BEGIN Data extract

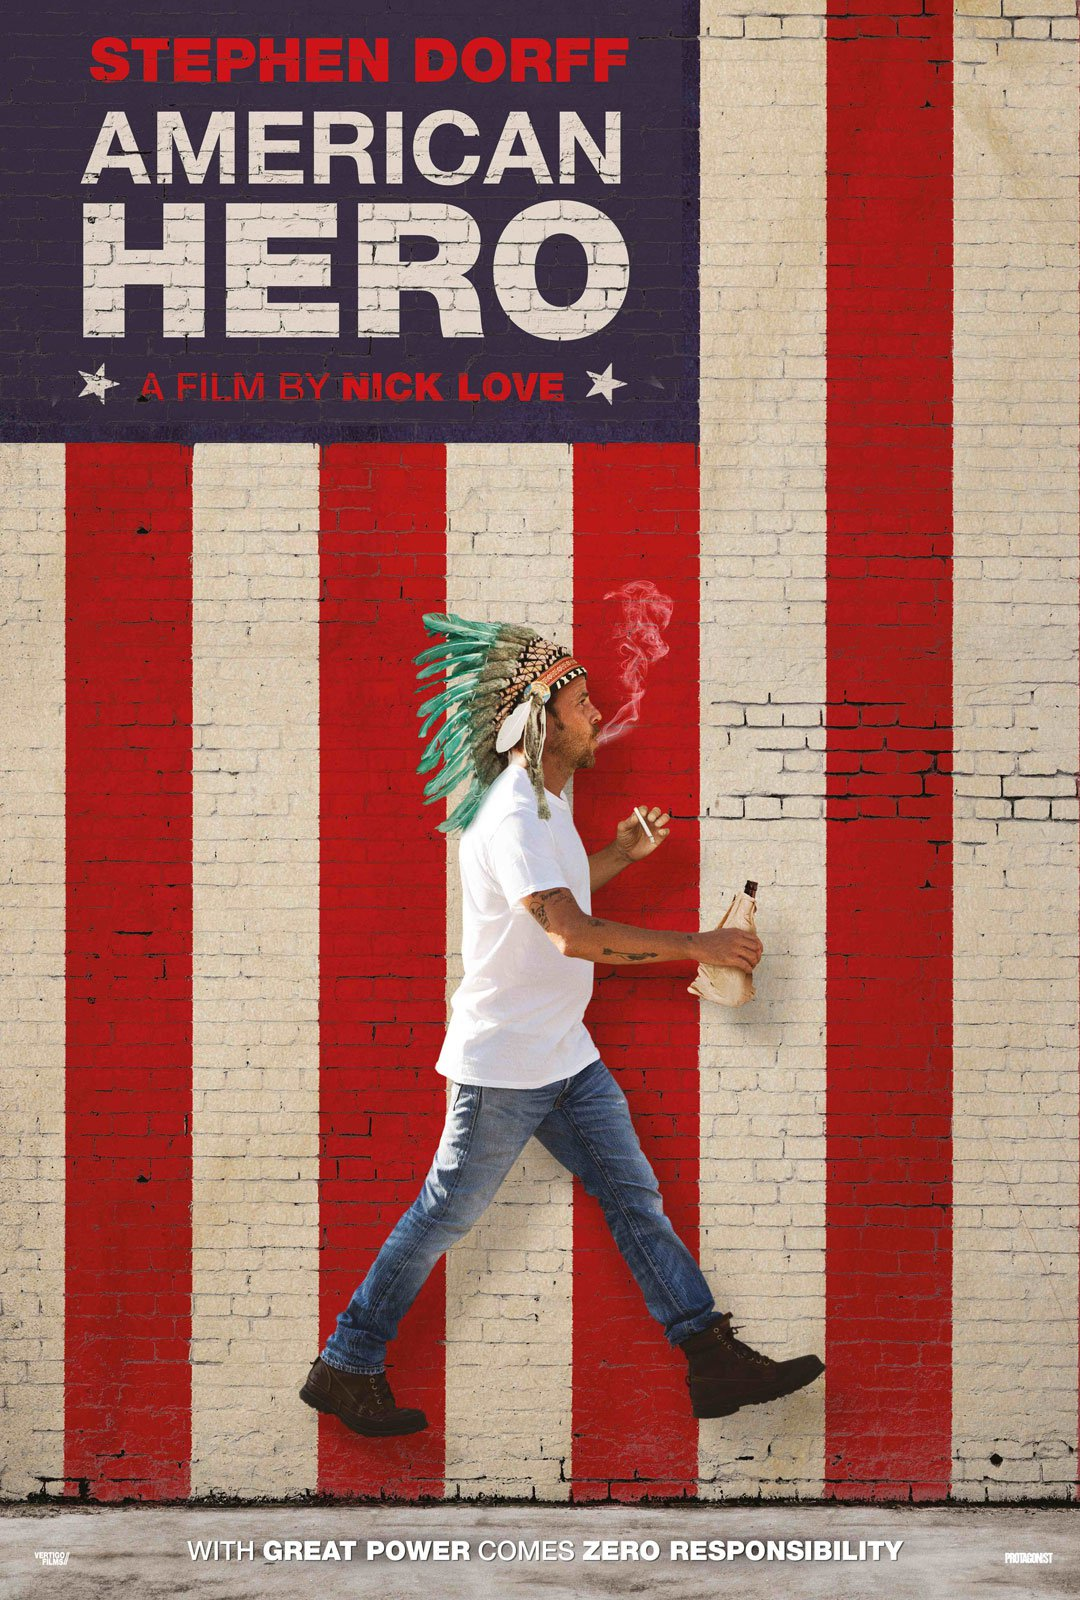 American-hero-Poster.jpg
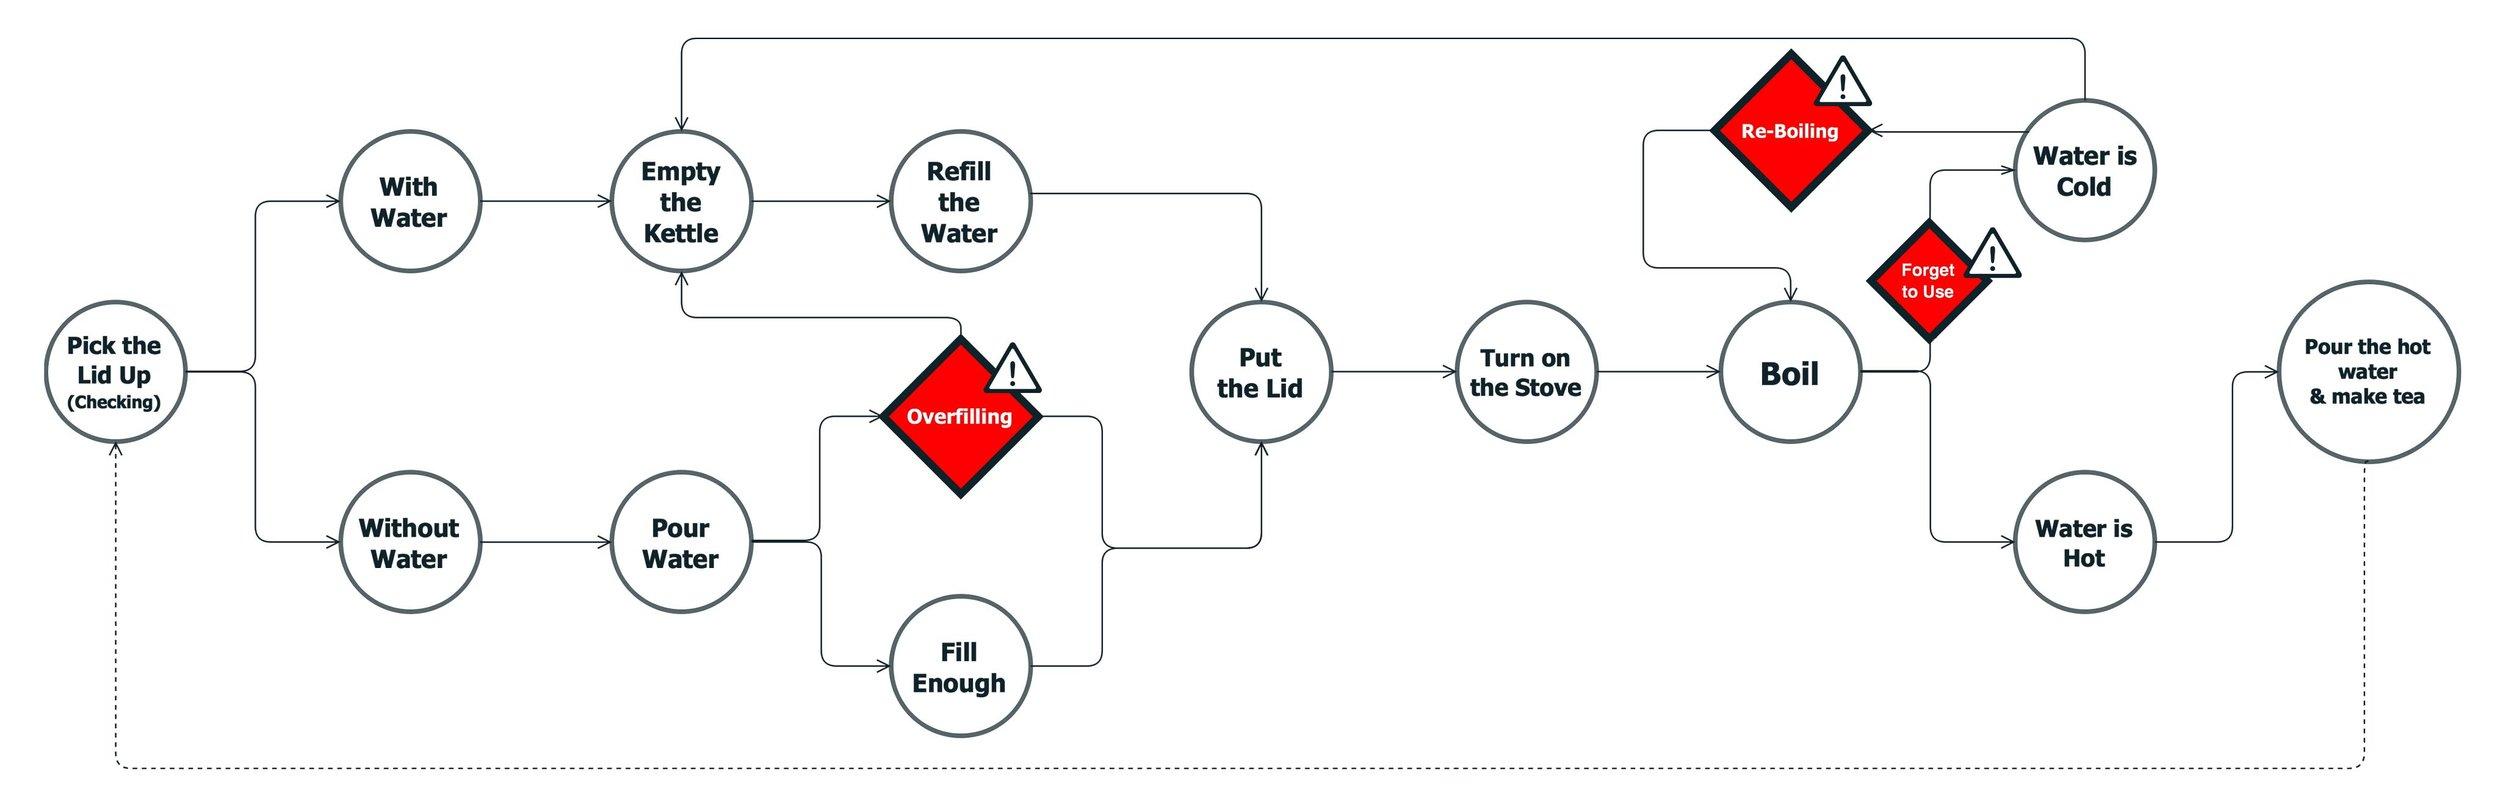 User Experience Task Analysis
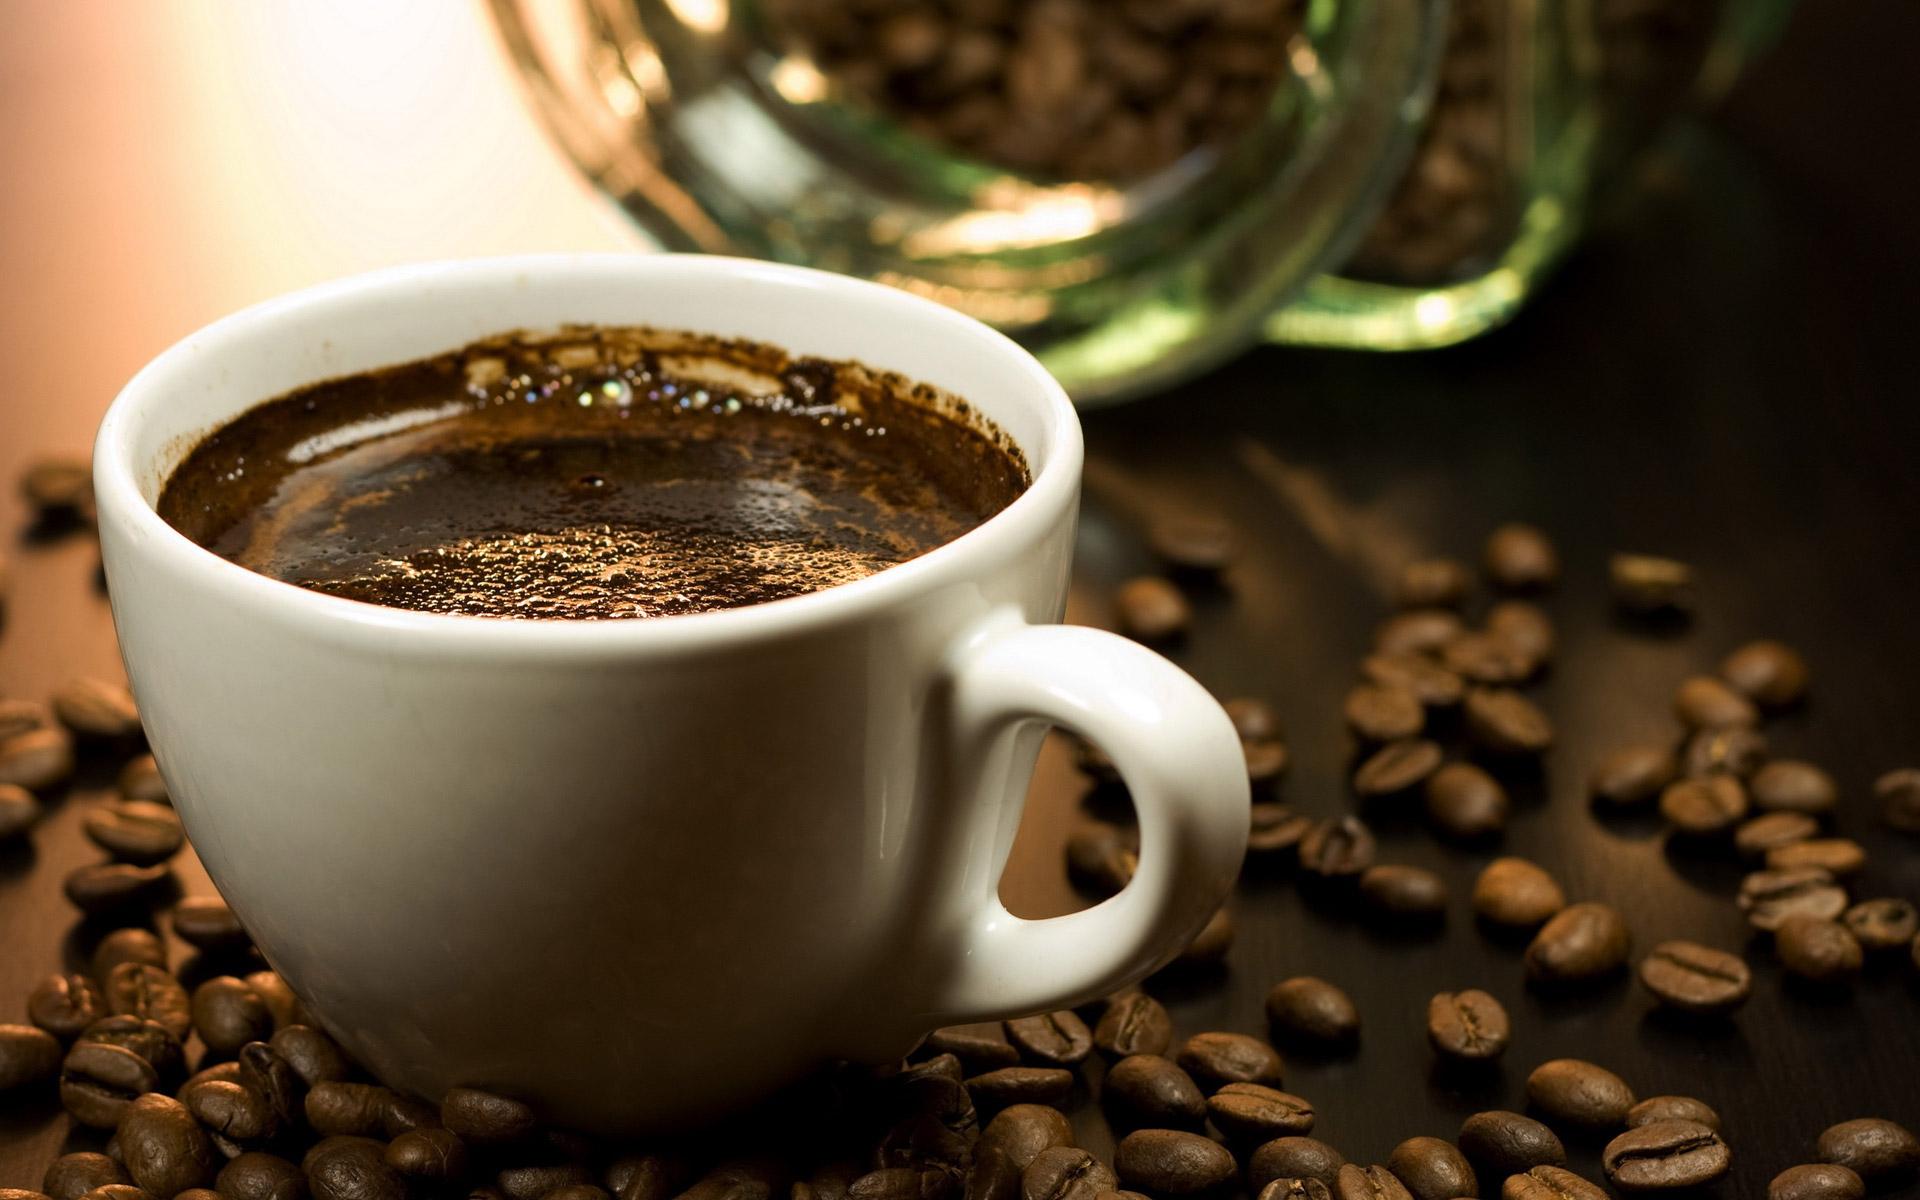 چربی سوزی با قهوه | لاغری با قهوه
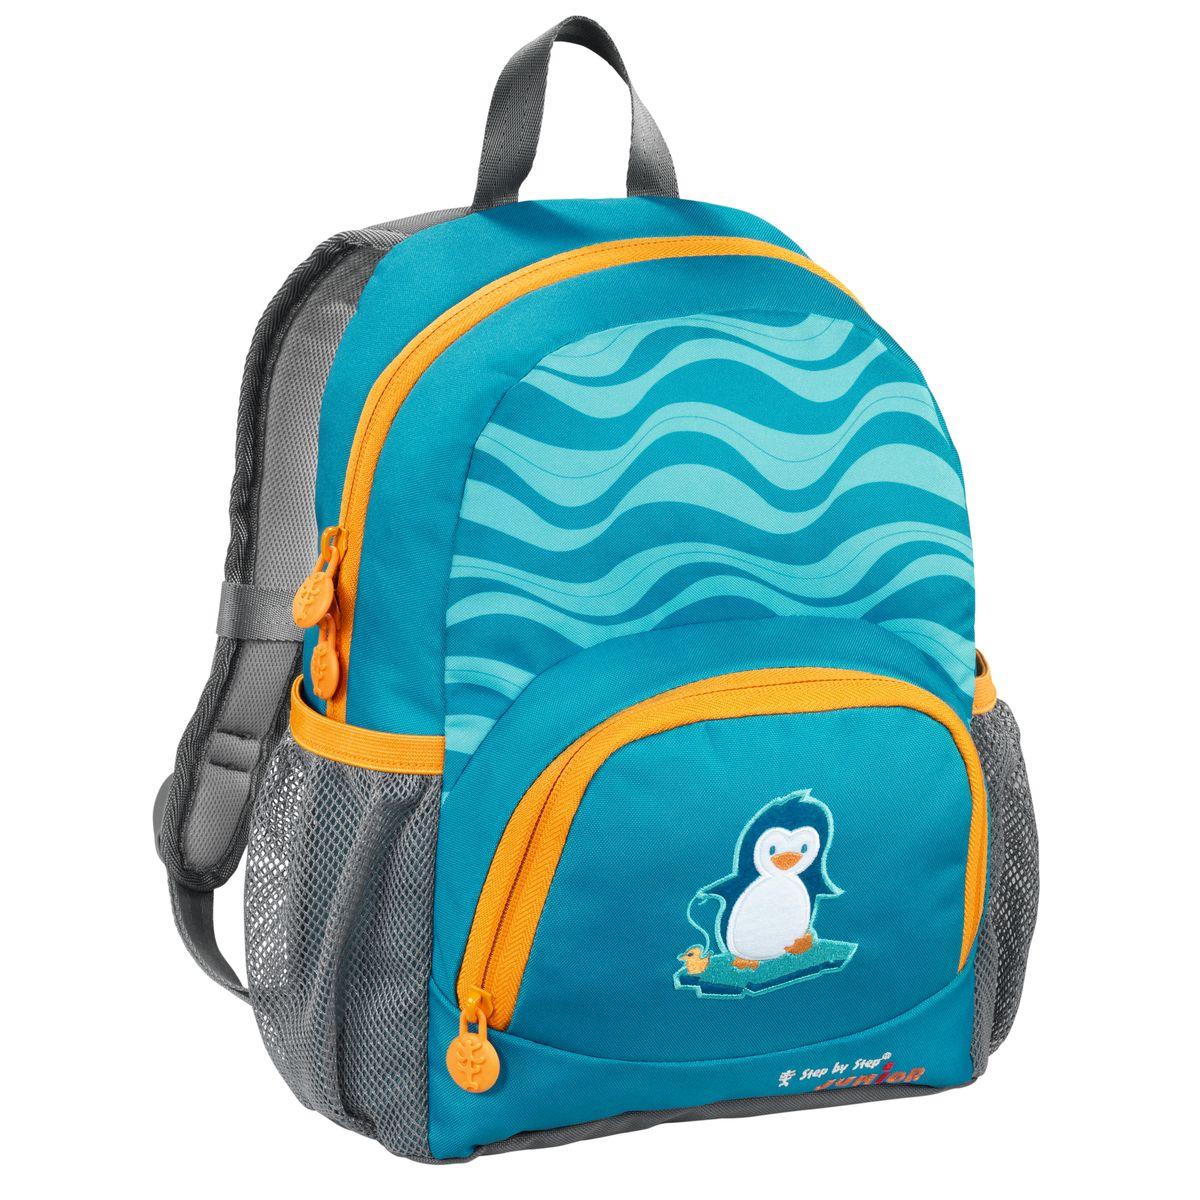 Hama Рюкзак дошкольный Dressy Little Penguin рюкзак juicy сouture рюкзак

END Data extract

Work request — Leaving the pictures aside, write out only the lines from the one containing "چربی سوزی با قهوه | لاغری با قهوه" through the end of the material, exactly as they stand.

Answer below —
 چربی سوزی با قهوه | لاغری با قهوه
 Hama Рюкзак дошкольный Dressy Little Penguin рюкзак juicy сouture рюкзак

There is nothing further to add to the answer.